Every record has to be written out exactly, with no line missing.

START RAW DATA

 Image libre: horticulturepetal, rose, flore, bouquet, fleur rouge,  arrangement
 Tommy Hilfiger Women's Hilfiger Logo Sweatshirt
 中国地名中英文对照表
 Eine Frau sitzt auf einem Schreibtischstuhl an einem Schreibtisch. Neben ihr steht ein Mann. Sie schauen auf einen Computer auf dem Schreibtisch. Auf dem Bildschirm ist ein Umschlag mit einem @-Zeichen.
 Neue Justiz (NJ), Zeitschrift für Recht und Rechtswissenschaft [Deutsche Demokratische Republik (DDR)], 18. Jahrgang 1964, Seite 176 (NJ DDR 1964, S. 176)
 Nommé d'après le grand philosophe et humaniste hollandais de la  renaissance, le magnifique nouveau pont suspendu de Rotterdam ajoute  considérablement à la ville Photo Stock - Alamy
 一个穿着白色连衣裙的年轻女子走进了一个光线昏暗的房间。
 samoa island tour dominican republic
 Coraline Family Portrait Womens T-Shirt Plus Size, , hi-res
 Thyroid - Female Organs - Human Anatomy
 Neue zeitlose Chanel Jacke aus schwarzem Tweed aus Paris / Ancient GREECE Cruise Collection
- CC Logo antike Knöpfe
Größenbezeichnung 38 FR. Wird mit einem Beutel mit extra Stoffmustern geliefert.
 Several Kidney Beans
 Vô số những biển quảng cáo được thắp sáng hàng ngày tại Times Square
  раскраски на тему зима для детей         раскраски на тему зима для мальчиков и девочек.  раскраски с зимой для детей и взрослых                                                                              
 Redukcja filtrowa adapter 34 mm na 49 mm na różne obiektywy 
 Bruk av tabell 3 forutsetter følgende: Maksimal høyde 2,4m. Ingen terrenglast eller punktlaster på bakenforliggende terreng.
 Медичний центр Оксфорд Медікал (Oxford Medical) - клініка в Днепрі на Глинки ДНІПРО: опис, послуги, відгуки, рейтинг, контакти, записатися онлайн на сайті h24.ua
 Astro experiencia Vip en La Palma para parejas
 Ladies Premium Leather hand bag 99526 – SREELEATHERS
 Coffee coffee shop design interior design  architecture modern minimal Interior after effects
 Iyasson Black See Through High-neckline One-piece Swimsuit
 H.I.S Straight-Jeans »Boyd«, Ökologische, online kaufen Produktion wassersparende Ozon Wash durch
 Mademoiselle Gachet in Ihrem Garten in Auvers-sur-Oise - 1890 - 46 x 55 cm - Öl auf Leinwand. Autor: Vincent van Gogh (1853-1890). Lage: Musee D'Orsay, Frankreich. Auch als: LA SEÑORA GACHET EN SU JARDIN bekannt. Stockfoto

END RAW DATA

▶ [SOLUTION BELOW]:
 Image libre: horticulturepetal, rose, flore, bouquet, fleur rouge,  arrangement
 Tommy Hilfiger Women's Hilfiger Logo Sweatshirt
 中国地名中英文对照表
 Eine Frau sitzt auf einem Schreibtischstuhl an einem Schreibtisch. Neben ihr steht ein Mann. Sie schauen auf einen Computer auf dem Schreibtisch. Auf dem Bildschirm ist ein Umschlag mit einem @-Zeichen.
 Neue Justiz (NJ), Zeitschrift für Recht und Rechtswissenschaft [Deutsche Demokratische Republik (DDR)], 18. Jahrgang 1964, Seite 176 (NJ DDR 1964, S. 176)
 Nommé d'après le grand philosophe et humaniste hollandais de la  renaissance, le magnifique nouveau pont suspendu de Rotterdam ajoute  considérablement à la ville Photo Stock - Alamy
 一个穿着白色连衣裙的年轻女子走进了一个光线昏暗的房间。
 samoa island tour dominican republic
 Coraline Family Portrait Womens T-Shirt Plus Size, , hi-res
 Thyroid - Female Organs - Human Anatomy
 Neue zeitlose Chanel Jacke aus schwarzem Tweed aus Paris / Ancient GREECE Cruise Collection
- CC Logo antike Knöpfe
Größenbezeichnung 38 FR. Wird mit einem Beutel mit extra Stoffmustern geliefert.
 Several Kidney Beans
 Vô số những biển quảng cáo được thắp sáng hàng ngày tại Times Square
  раскраски на тему зима для детей         раскраски на тему зима для мальчиков и девочек.  раскраски с зимой для детей и взрослых                                                                              
 Redukcja filtrowa adapter 34 mm na 49 mm na różne obiektywy 
 Bruk av tabell 3 forutsetter følgende: Maksimal høyde 2,4m. Ingen terrenglast eller punktlaster på bakenforliggende terreng.
 Медичний центр Оксфорд Медікал (Oxford Medical) - клініка в Днепрі на Глинки ДНІПРО: опис, послуги, відгуки, рейтинг, контакти, записатися онлайн на сайті h24.ua
 Astro experiencia Vip en La Palma para parejas
 Ladies Premium Leather hand bag 99526 – SREELEATHERS
 Coffee coffee shop design interior design  architecture modern minimal Interior after effects
 Iyasson Black See Through High-neckline One-piece Swimsuit
 H.I.S Straight-Jeans »Boyd«, Ökologische, online kaufen Produktion wassersparende Ozon Wash durch
 Mademoiselle Gachet in Ihrem Garten in Auvers-sur-Oise - 1890 - 46 x 55 cm - Öl auf Leinwand. Autor: Vincent van Gogh (1853-1890). Lage: Musee D'Orsay, Frankreich. Auch als: LA SEÑORA GACHET EN SU JARDIN bekannt. Stockfoto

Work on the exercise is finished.